Given information >>
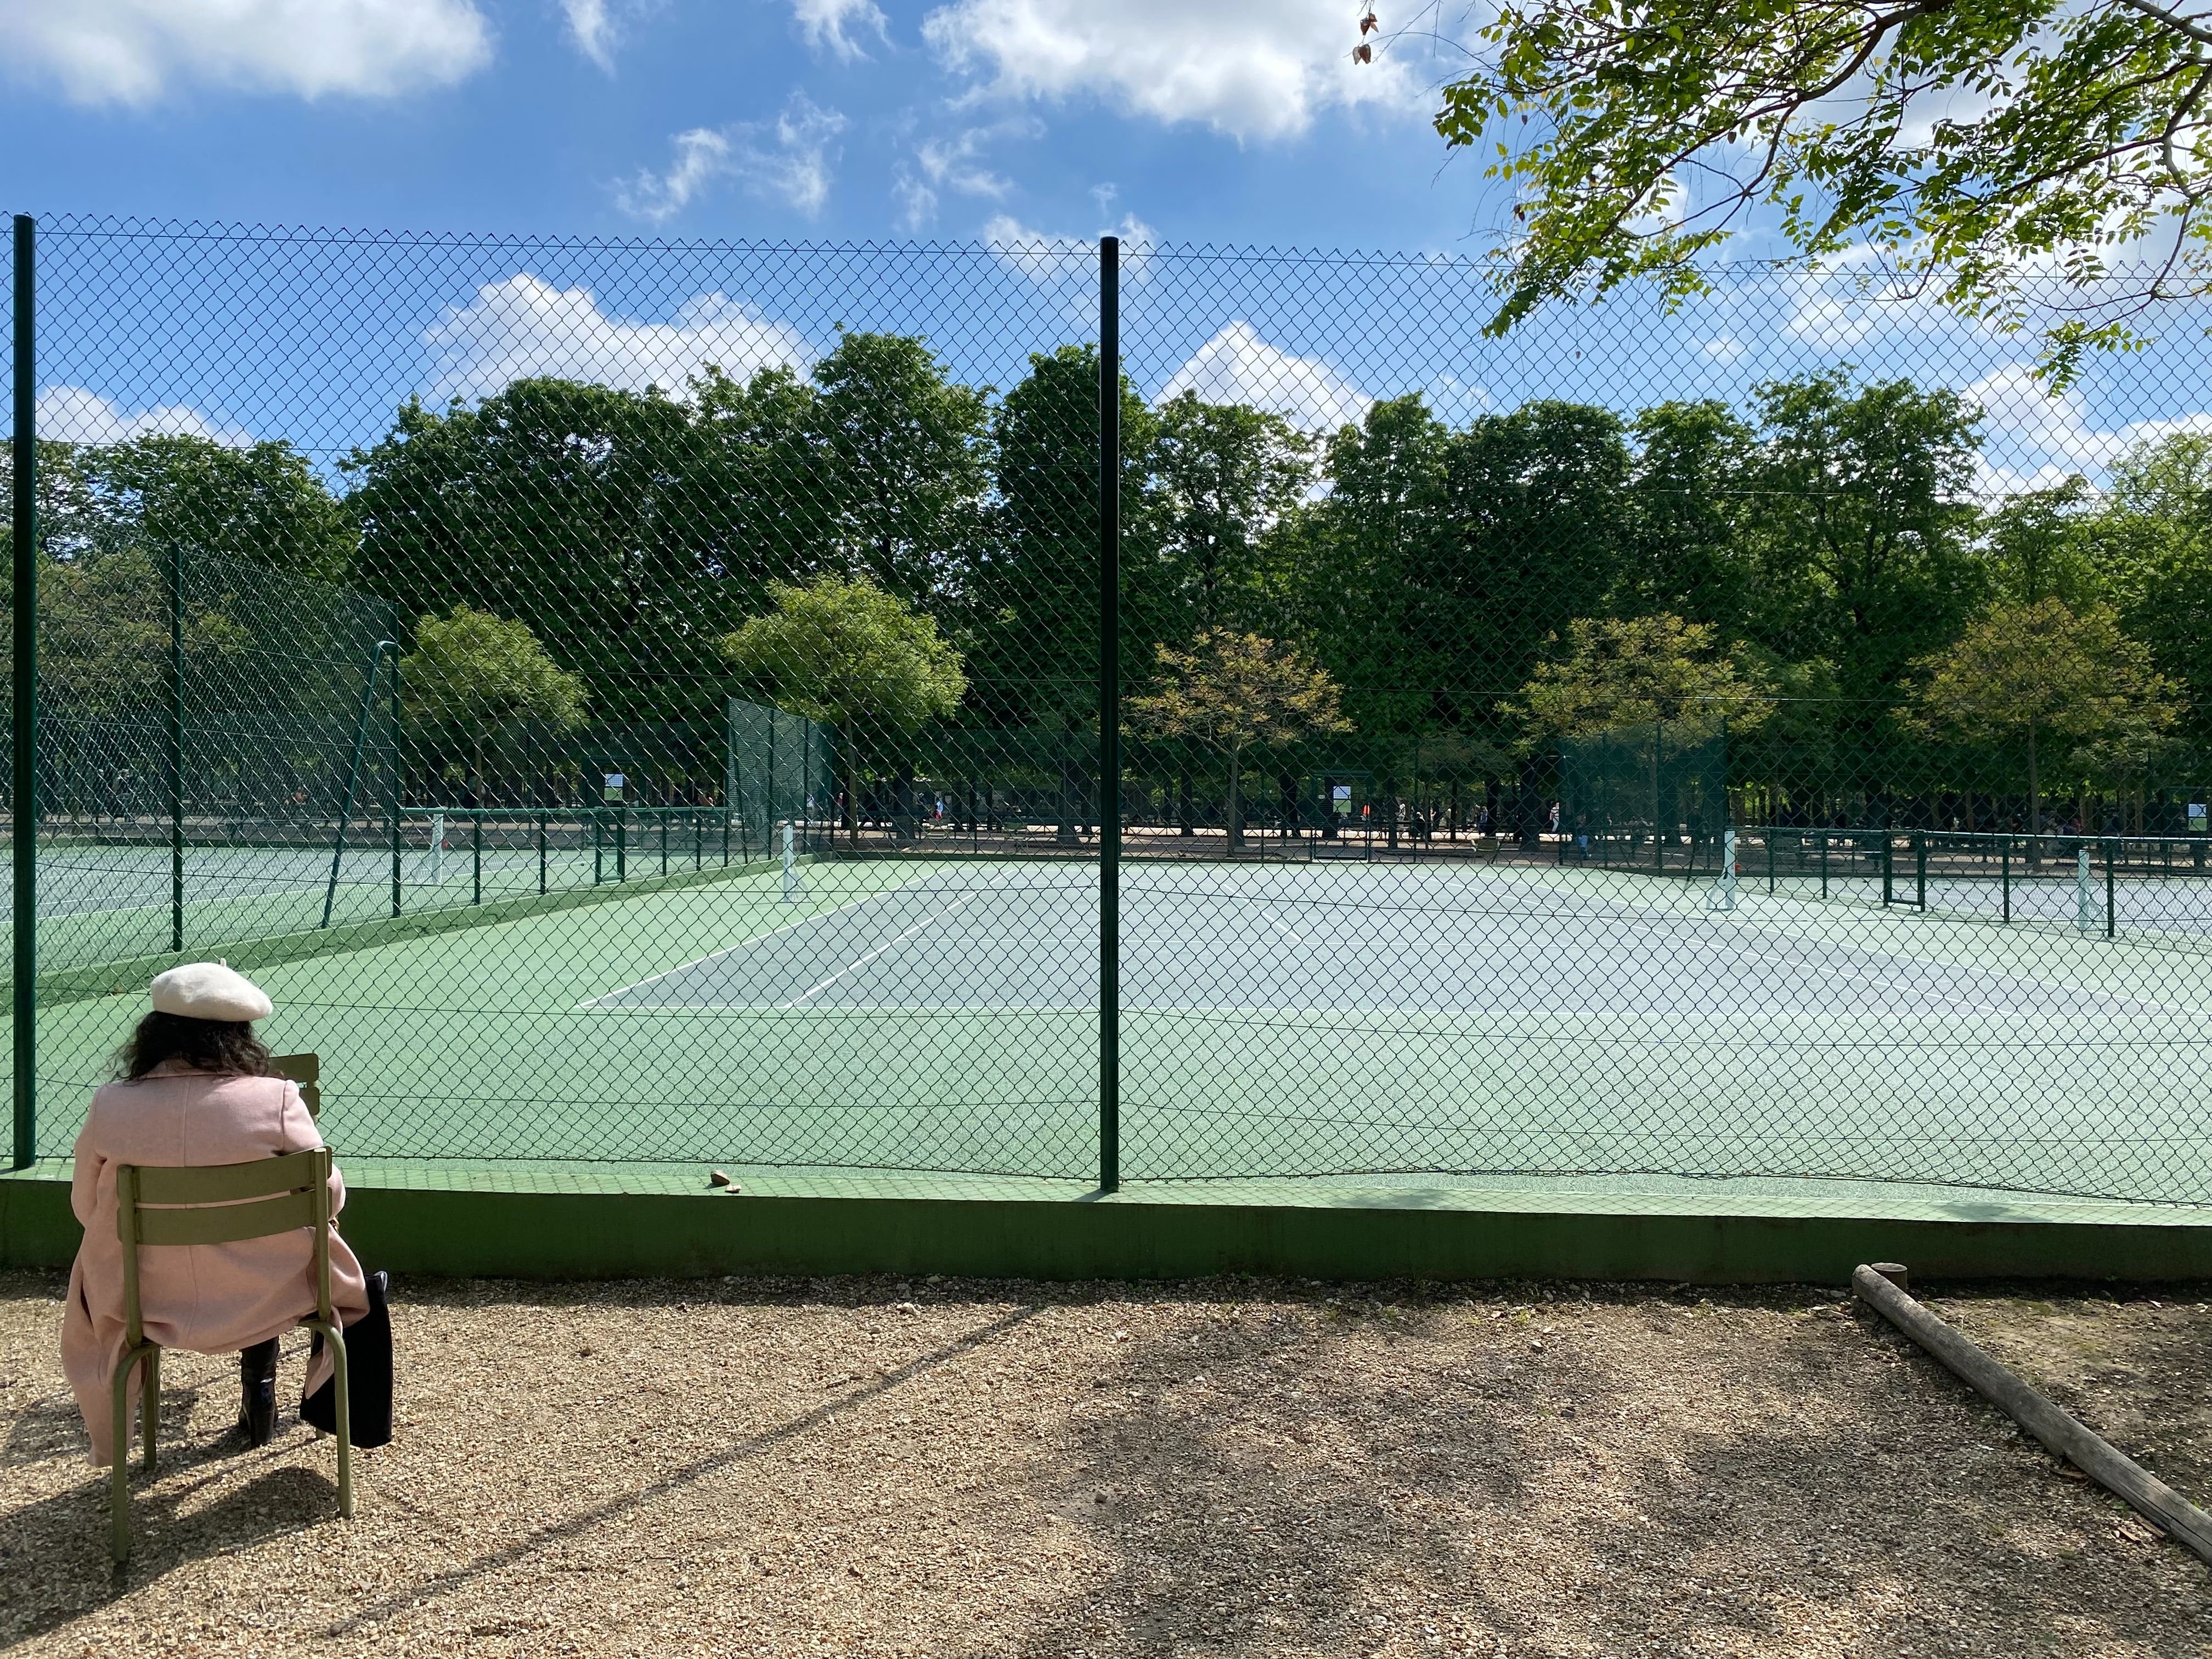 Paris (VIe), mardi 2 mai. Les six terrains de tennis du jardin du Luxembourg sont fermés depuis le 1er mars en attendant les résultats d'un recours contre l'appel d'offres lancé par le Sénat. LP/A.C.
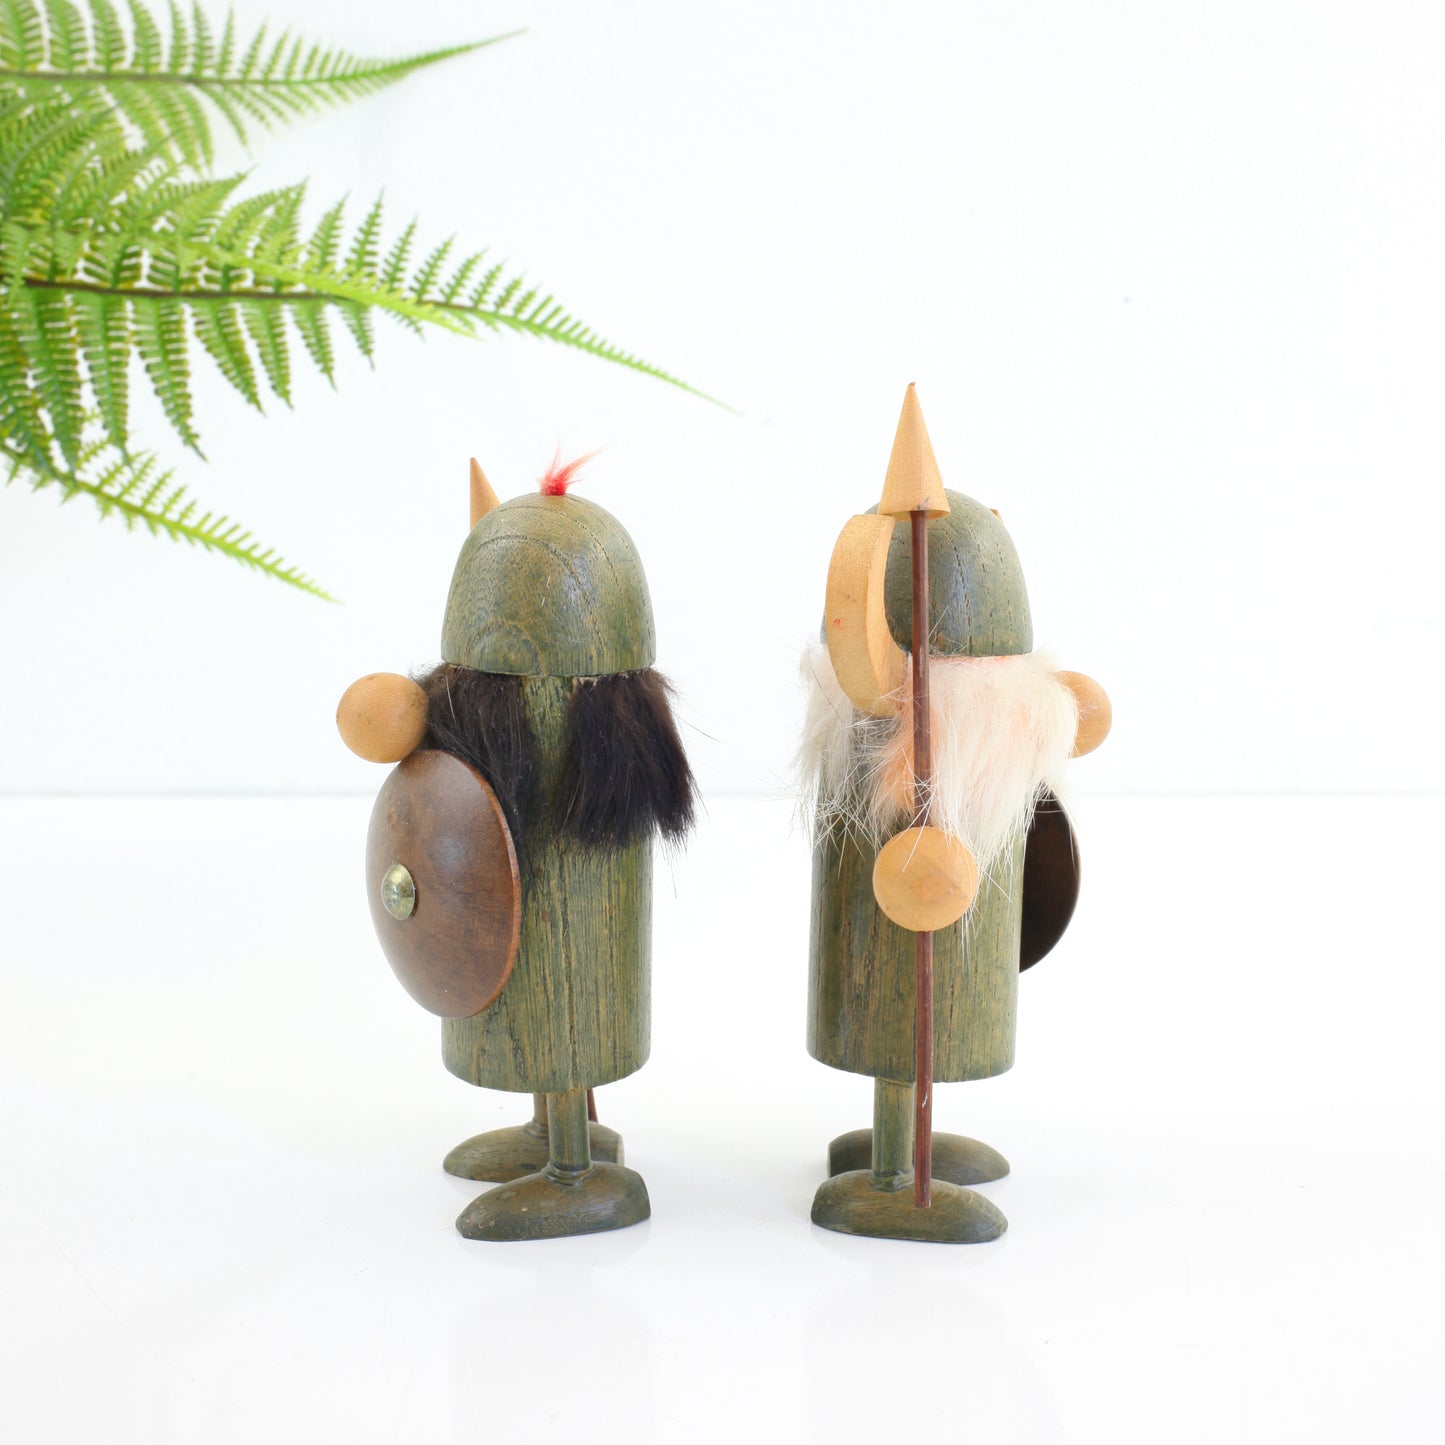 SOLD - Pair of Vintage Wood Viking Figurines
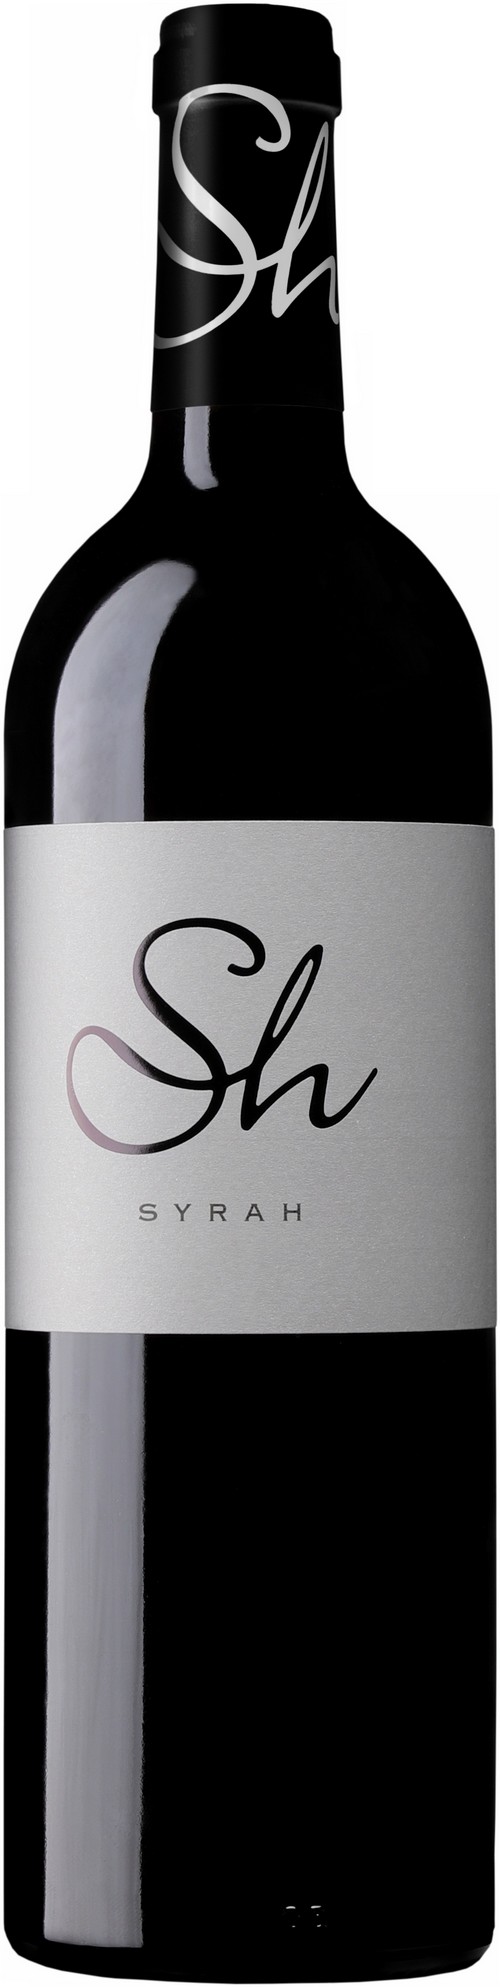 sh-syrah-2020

Task >>
If the listing above includes images, copy every line of it exactly except those images.

Answer section >>
 Paris (VIe), mardi 2 mai. Les six terrains de tennis du jardin du Luxembourg sont fermés depuis le 1er mars en attendant les résultats d'un recours contre l'appel d'offres lancé par le Sénat. LP/A.C.
 SOLD - Pair of Vintage Wood Viking Figurines
 sh-syrah-2020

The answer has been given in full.